09.05.17 Before, I have no idea with the so called Image processing, how it is being use and done. Today, our instructor -Engr. Arboleda, introduced us the image processing which surprisingly a part or process that can be done using the Matlab software.
Image Processing is a method to perform some operations on an image, in order to get an enhanced image or to extract some useful information from it. It is a type of signal processing in which input is an image and output may be image or characteristics/ features associated with that image. [1]
With a series of imread which can read the image file name for the image to appear in the software; variable descriptions which make use of the alphabet letters to represent what you want to see, for example b=rgb2gray(a)-that converts the image of variable (a) into a grayscale image; imshow which make the variable descriptions appear as the old or new image; and figure which renames the new variable image.
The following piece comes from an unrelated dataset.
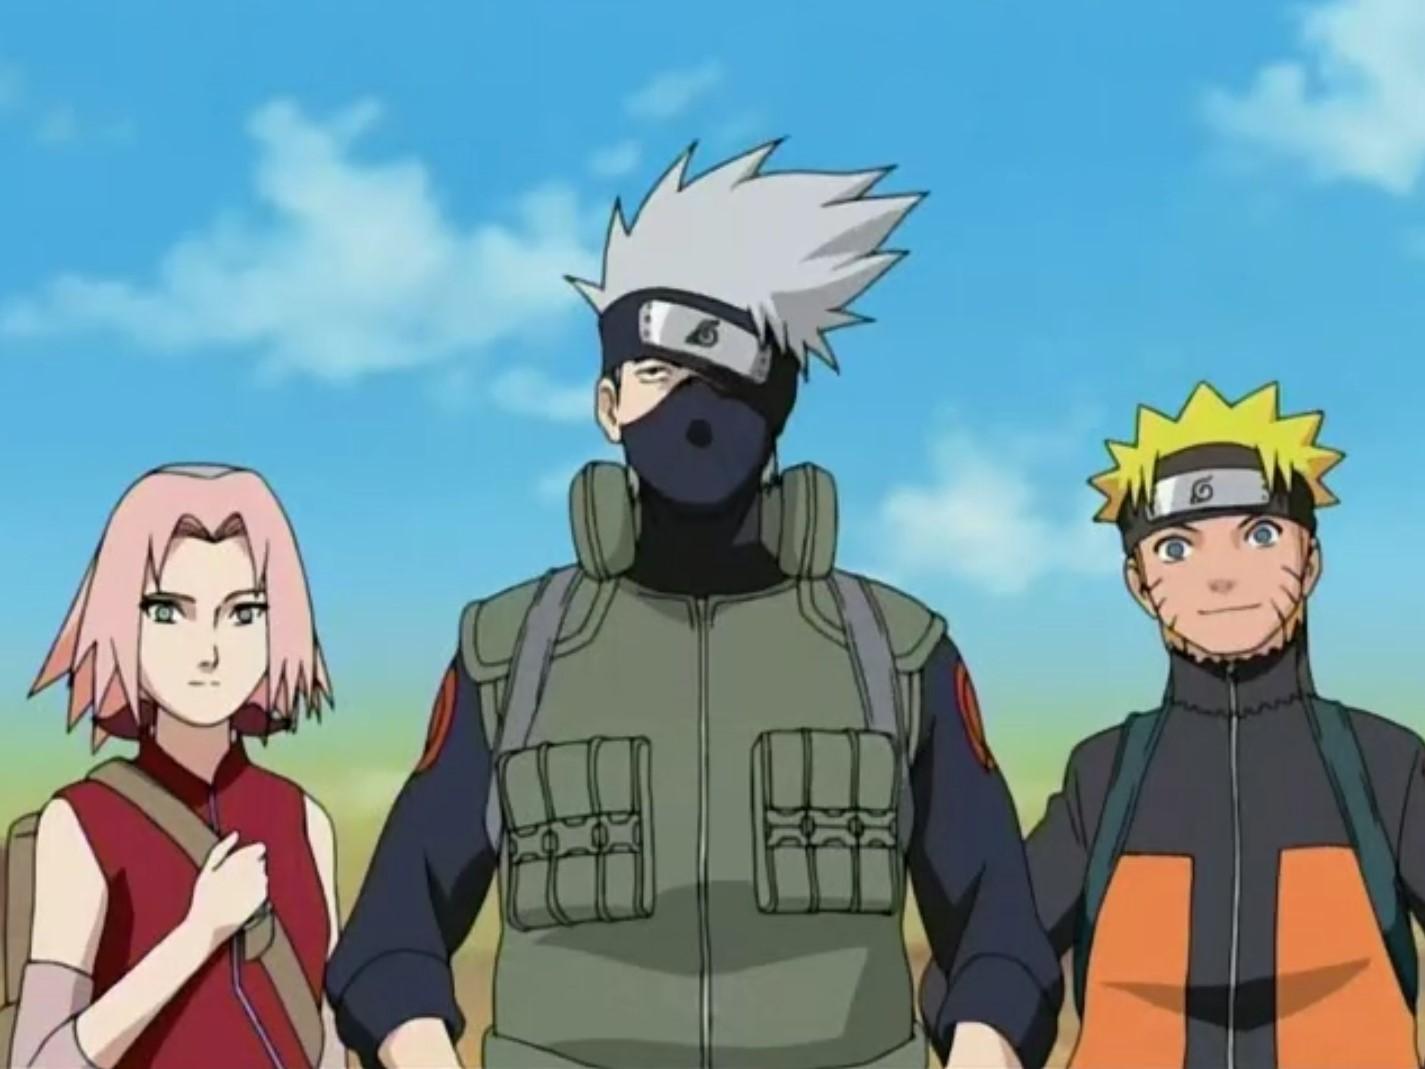 Naruto Shippuden Episódio 12, Assistir Naruto Shippuden Episódio 12, Assistir Naruto Shippuden Todos os Episódios Legendado, Naruto Shippuden episódio 12,HD
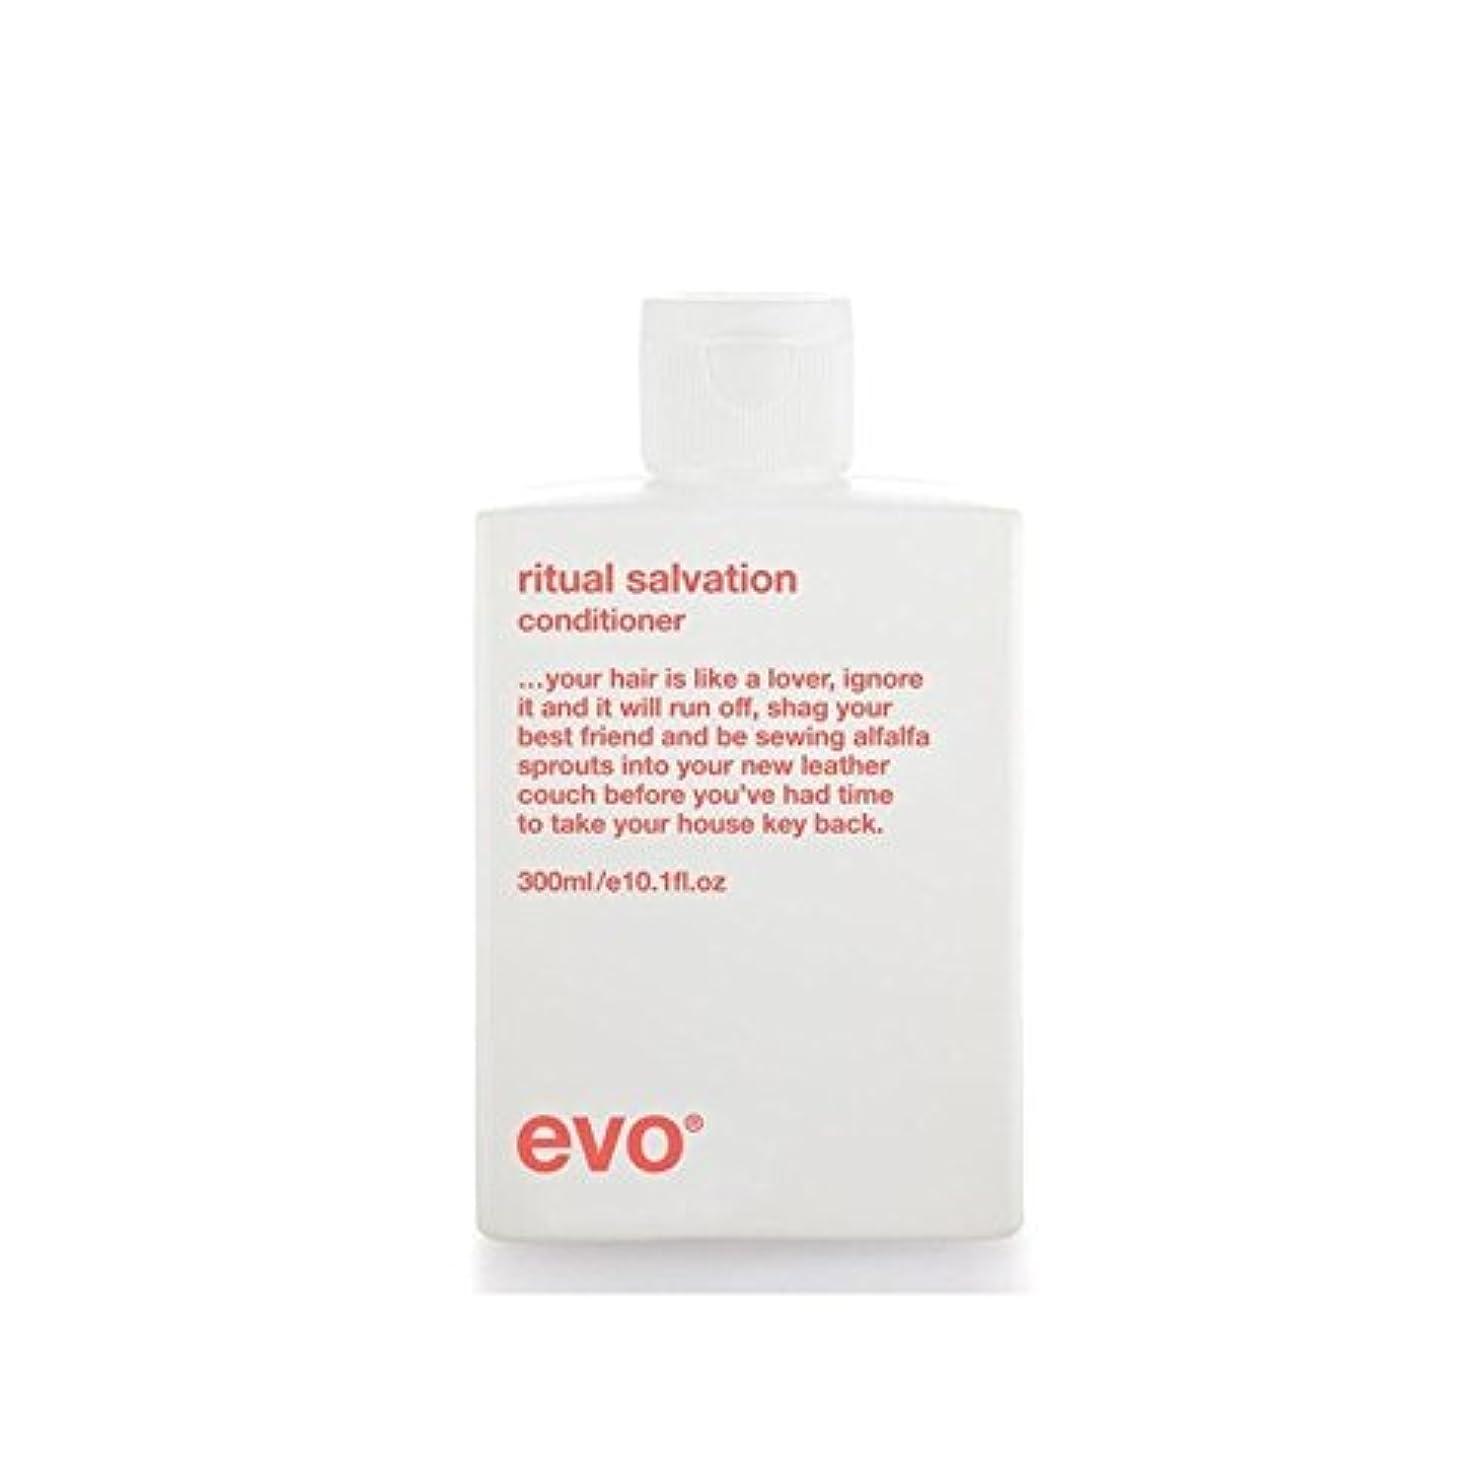 労働血バーマド儀式救いコンディショナー(300ミリリットル) x2 - Evo Ritual Salvation Conditioner (300ml) (Pack of 2) [並行輸入品]

Since the main purpose of this is to process image –to describe things in the picture in terms of area, perimeter, Equivalent Diameter and roundness since it is irregular in shape, we can actually get this with the matlab image process.
With this exercise using a series of pictures of different coffee beans in Cavite with white background (some pictures are from the journal of Engr. Arboleda), we can compare the difference of the coffee beans of different kinds from different parts of Cavite such as the Excelsa from Indang, Liberica from Amadeo, Excelsa from Alfonso and Liberica from Indang in terms of areas, perimeter, equivalent diameter and roundness which we plotted in Microsoft excel.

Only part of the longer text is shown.